In the case of climbing outside of combat, a failed check means that you're stuck partway (usually about halfway). You can either return to the bottom (no check) or find someway to change the situation. The most common method would be that an ally helps you (using the help action or by providing a rope), which will allow a new roll based on the type of help. Other methods could be used, depending on the creativity and abilities of the character, but they usually provide a risk. You could attempt to jump to a new handhold, but failure would be an automatic fall. If you can teleport even a short distance, you would be at a new spot, but I'd require an Int/Athletics check to make sure you would be in a manageable position, with failure resulting in a fall.

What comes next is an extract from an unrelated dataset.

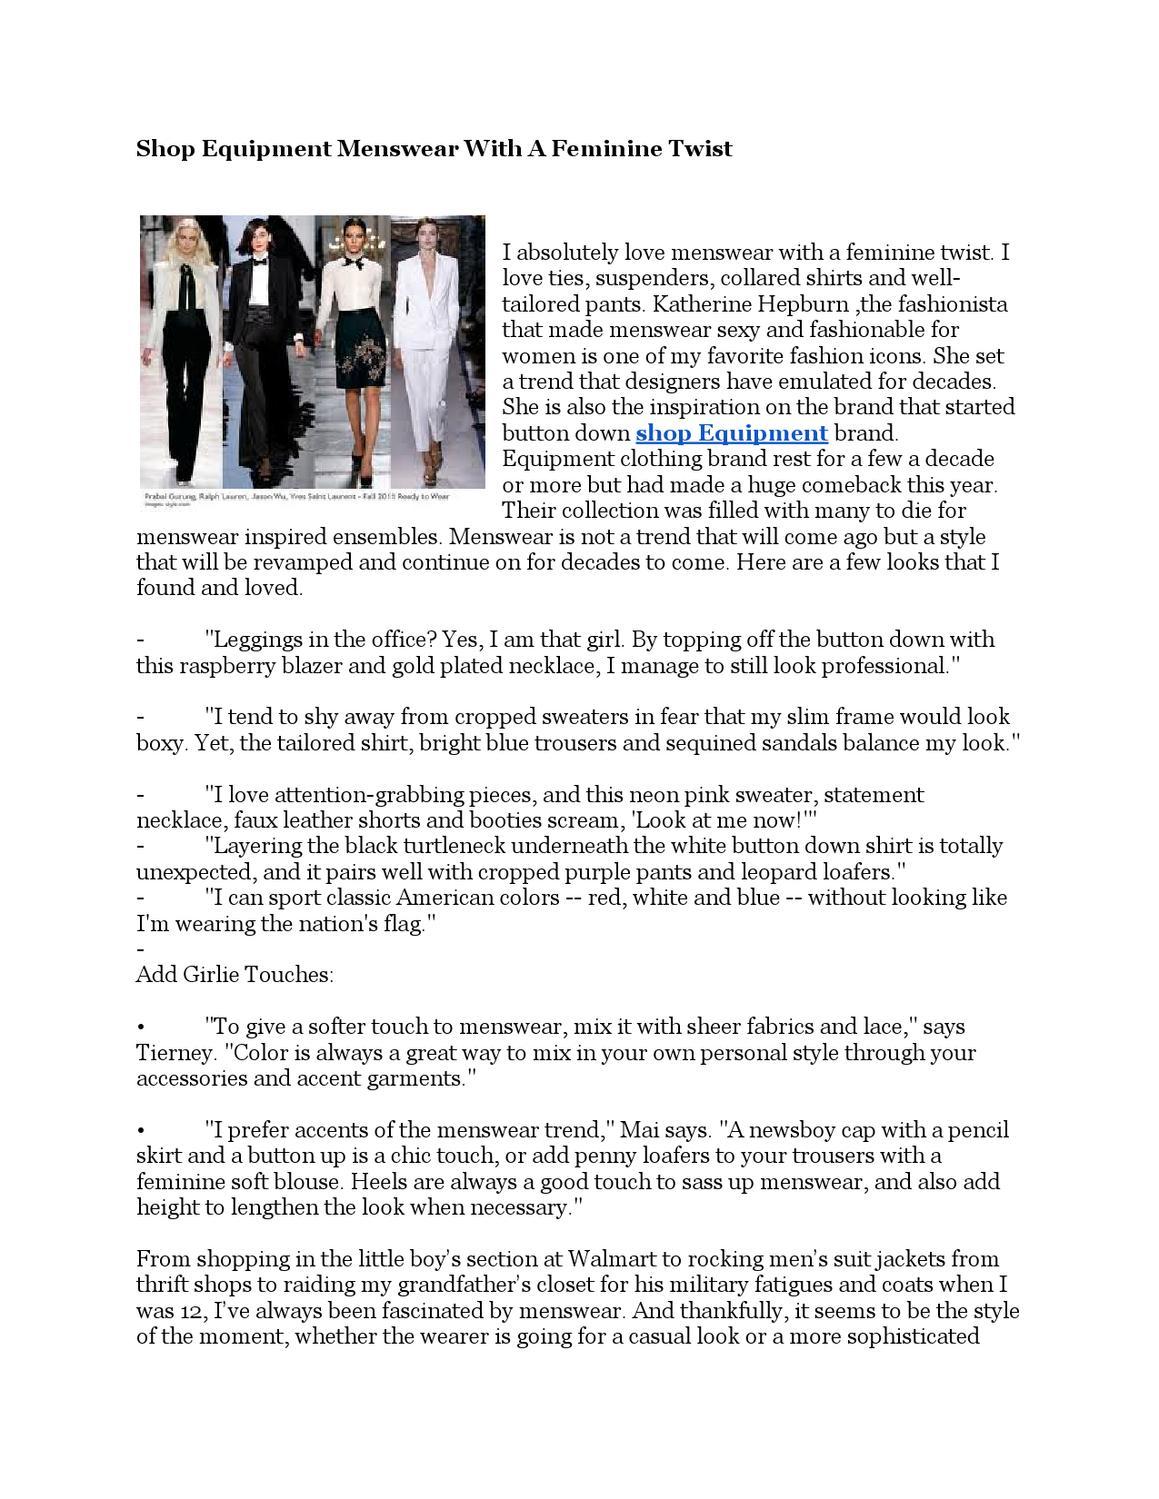 e9dd8119baa53 Shop Equipment Menswear With A Feminine Twist by Jubilee Grace - issuu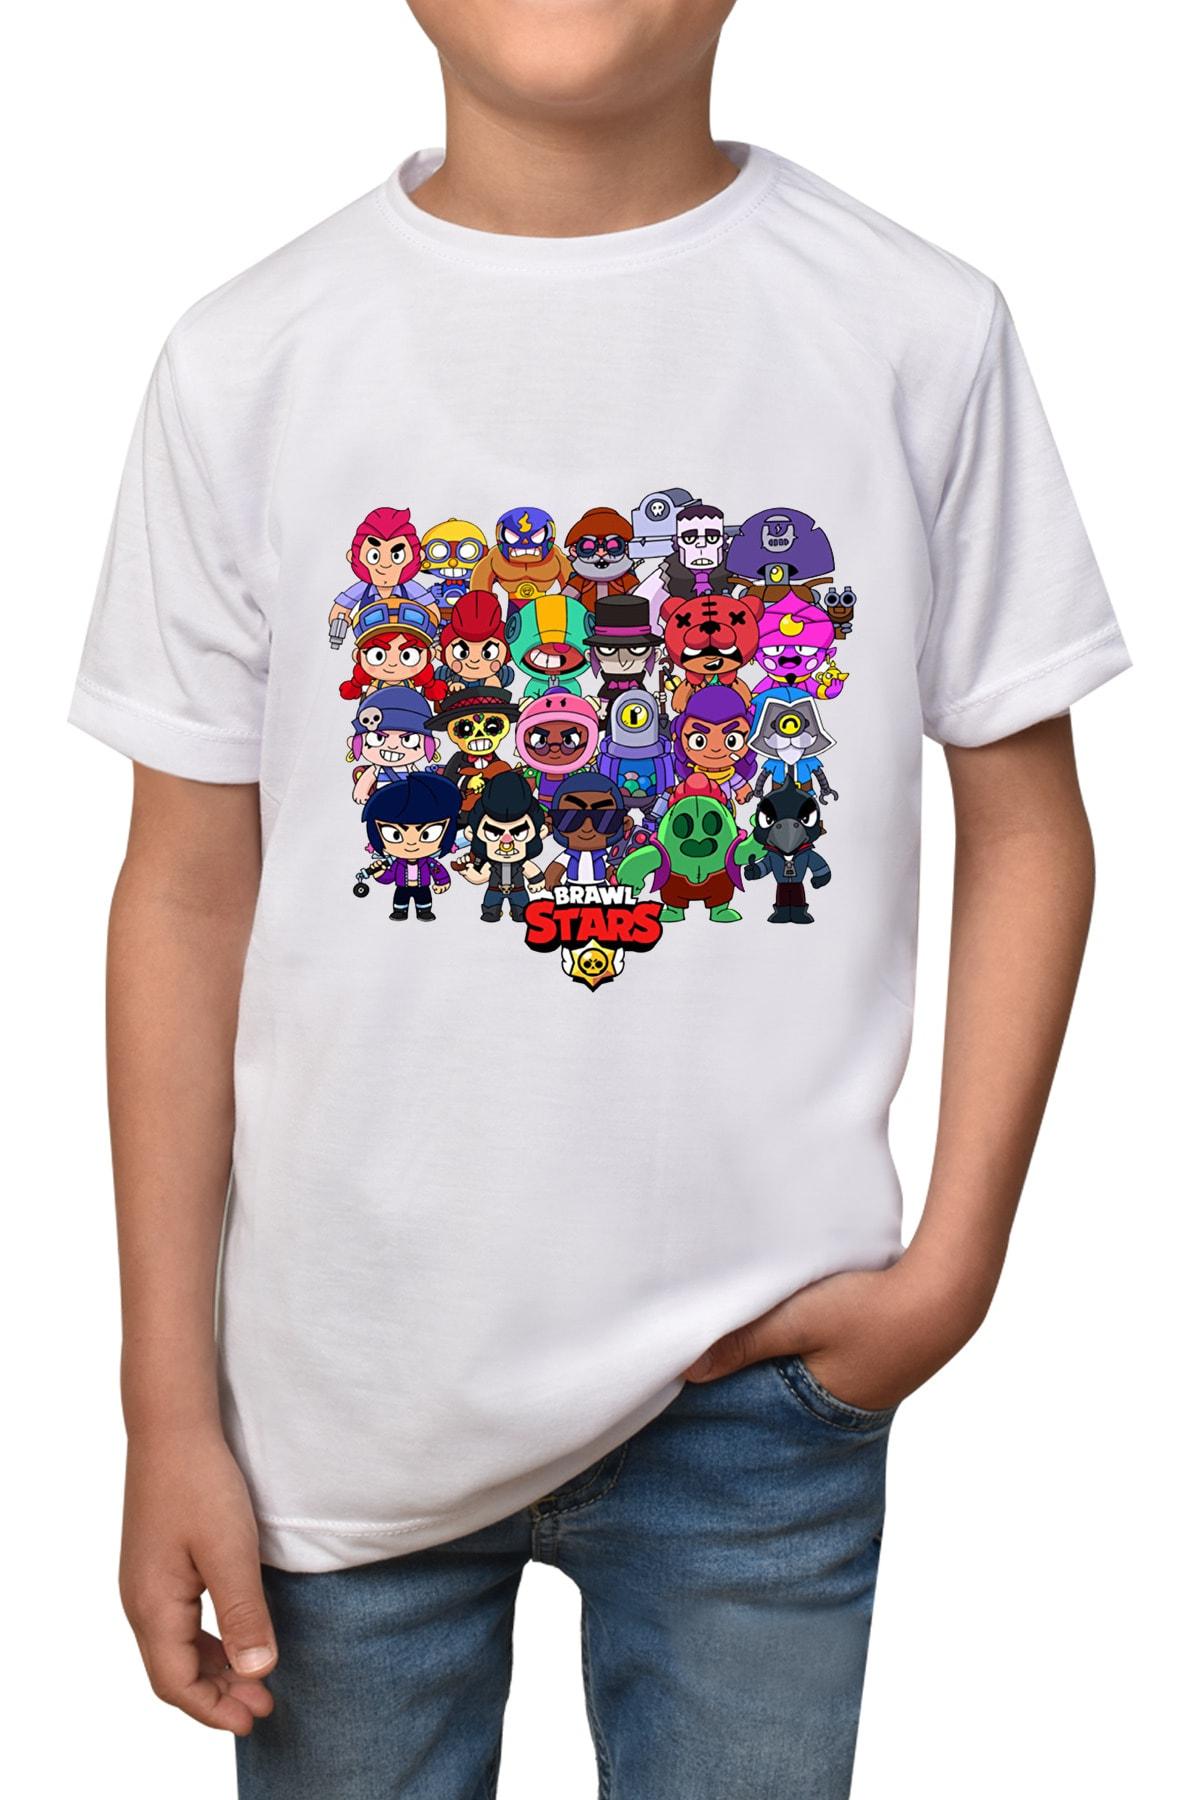 Brawl Stars - Beyaz Çocuk - T-shirt T-19

In combat, I handling things a bit different due to the other circumstances. The DCs are generally easier, but you have to roll for every movement equivalent. For example, if you have a 30 ft movement, you'd have to make the check after every 15 ft. If you fail, you are stuck, and cannot move without jumping down (probibly leading to prone and falling damage) or spending your action to make another attempt. Admittedly, I seldom use a combat where climbing is necessary, but players like to think outside the box.
 

Saelorn

Hero
The above definition of role-playing includes a raucous game of Monopoly. I wasn't saying that having results on tables (or house rules) doesn't count as role-playing, but it's a step in that direction.
If you decide whether or not to purchase a property, based on the fact that you're a dog (or a thimble), then that absolutely counts as role-playing. Most people don't do that, though, and I'm not even convinced that it's possible to role-play as something without a human-type brain.

"GM adjudication" is not a requirement for playing an RPG, but rather a symptom of a minimalist ruleset. The GM is a necessary weasel, because any number of charts would be insufficient to account for the possibilities available to the players. If it was feasible to create an entire deterministic world, while still respecting player freedom and agency, then that would be ideal.
Not sure where the wizard/barbarian example was going, but if "the frail wizard routinely climbs higher than the buff barbarian because the wizard is so bad at climbing," someone has a screw loose, and accounting for observations becomes difficult at that point.
Someone mentioned it up-thread. If the DC to climb a 50' wall is 25, and a lower roll means you fell from higher up, then the wizard who rolls with penalties will get higher up the wall than the barbarian who has many bonuses (yet fails to hit the DC). In this example, a check result of -4 would mean falling from 49 feet up, while a check result of 24 would mean barely getting off the ground.
 

aco175

Hero
I allow the PCs to fast climb, but this makes the check have disadvantage. This gives the option for some with higher Athletics or if you feel you need to get up the wall or such. Conversely, you can also gain advantage, but now you move at 1/4 speed instead of half. Rogues also have the fast climb ability, but that is situational.